In questa visione computerizzata della sanità, per quanto riguarda i bimbi morenti, per esempio, non si tiene conto dei problemi complessi che essi presentano, anche dal punto di vista psicologico e sociale e della ‘carta di Trieste’ (Cfr. Carta dei diritti del bambino morente – Carta di Trieste su vari siti), ritenendo che per fare un hospice pediatrico bastino 800.000,00 euro e qualche posto letto. Per quanto riguarda poi la ‘carta di Trieste’, e vi garantisco che si chiama proprio così, essa contiene l’elenco dei diritti di questa tipologia di bimbi, che non possono venir curati.

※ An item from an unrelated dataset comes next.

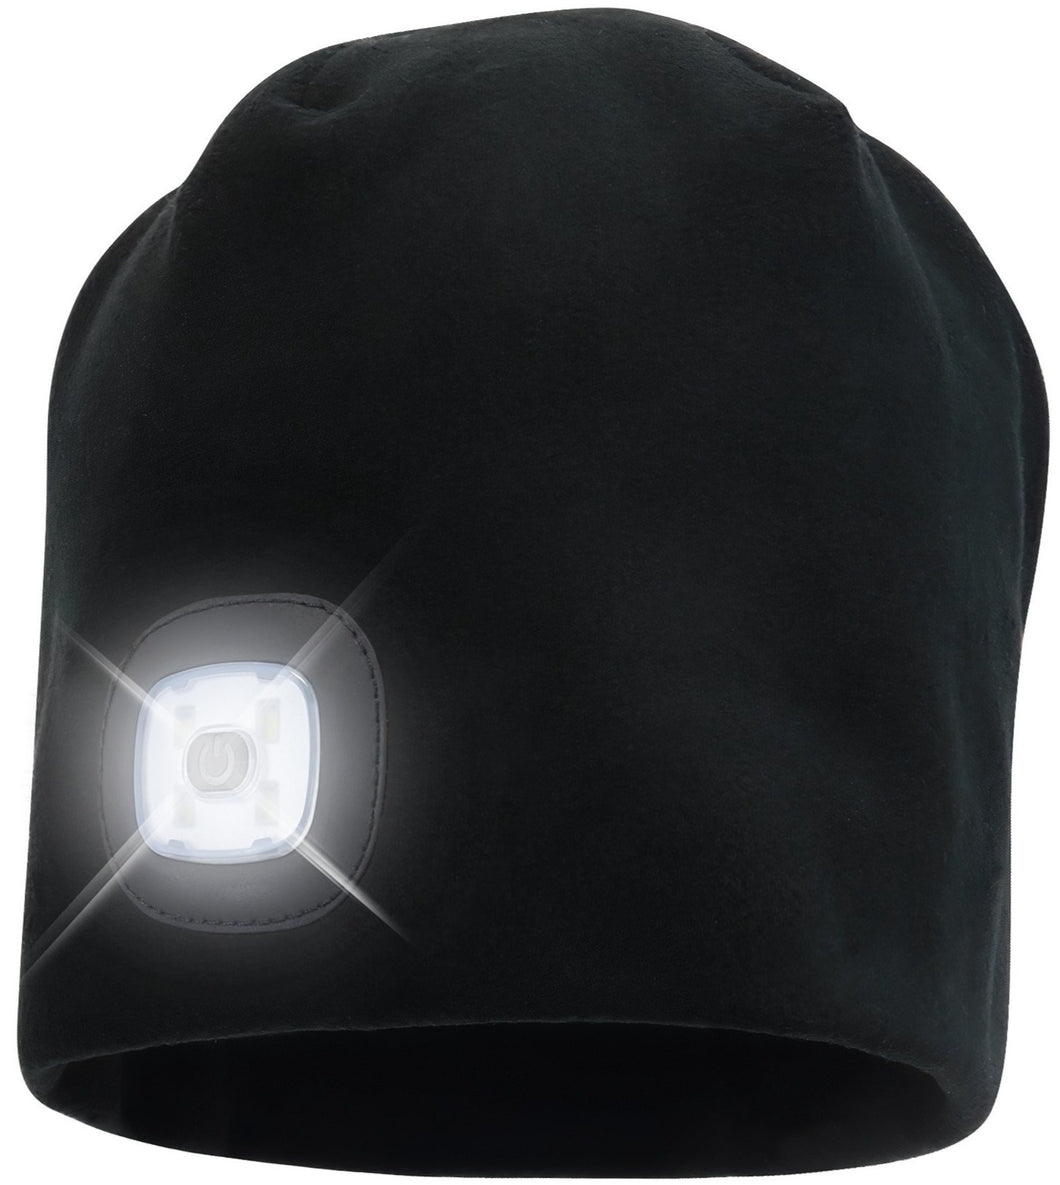 Headlightz® Beanie - Fleece - Black

Perché le cure palliative sono rappresentate da una serie di farmaci che limitano il dolore e la paura, ma che non curano, e questi minori hanno pure bisogno di un sollievo psicologico, di un accompagnamento reale, di morire nel proprio letto, con gli oggetti cari accanto, con le persone care vicino, non in una struttura fredda, igienica, circondati da oss e personale sanitario, che dovrebbe rappresentare quella perfezione che rende tutto di ghiaccio. Perché la politica sa bene, anche se dichiara altro, che in un hospice, pediatrico o meno, si va a morire, non a farsi curare.
Ed «è il bambino […] che paga il conto più alto: subisce e vive in prima persona il peso della malattia e della inguaribilità, della separazione, della perdita del futuro e non infrequentemente della solitudine e di tutto quello che la malattia determina, delle proprie paure e dei propri pensieri». (carta-dei-diritti-del-bambino-morente, in: https://www.fondazionemaruzza.org/, p. 8).
Ed ai punti 8 e 9 di detta carta, si può leggere che il bimbo inguaribile ha il «diritto di avere accanto la famiglia e le persone care adeguatamente aiutate nell’organizzazione e nella partecipazione alle cure e sostenute nell’affrontare il carico emotivo e gestionale provocato dalle condizioni del bambino, e di essere accudito e assistito in un ambiente appropriato alla sua età, ai suoi bisogni ed ai suoi desideri e che consenta la vicinanza e la partecipazione dei genitori», non solo di un posto letto. Ma come pensano Fedriga e Riccardi di creare un hospice, decentratissimo rispetto al resto della Regione, solo con 800.000,00 euro, quando sono stati dati 5 milioni per il municipio di Forni di Sopra, dove si poteva sistemare il vecchio edificio con minor spesa, e 2 milioni dallo stato per una fontana, che non ha nulla di diverso da tante altre, e una pavimentazione con pietre dure per la piazza di Tolmezzo? Valeva invero la pena di concedere quella somma per potenziare un minimo le oncologie pediatriche, cercando di ottimizzare pure la rete di interventi territoriali per i minori, si spera pochissimi, tragicamente ammalati. Inoltre come non notare il comportamento quanto meno curioso dell’assessorato regionale alla sanità quando prima taglia servizi al Centro bimbi del Gervasutta, costringendo alcuni genitori a curare i loro figli a pagamento, per pretendere poi di creare, con una cifra irrisoria, un nuovo hospice pediatrico a Trieste? (Cfr. https://www.friulioggi.it/udine/liguori-denuncia-riduzione-servizi-centro-bambini-gervasutta-4-maggio-2021/).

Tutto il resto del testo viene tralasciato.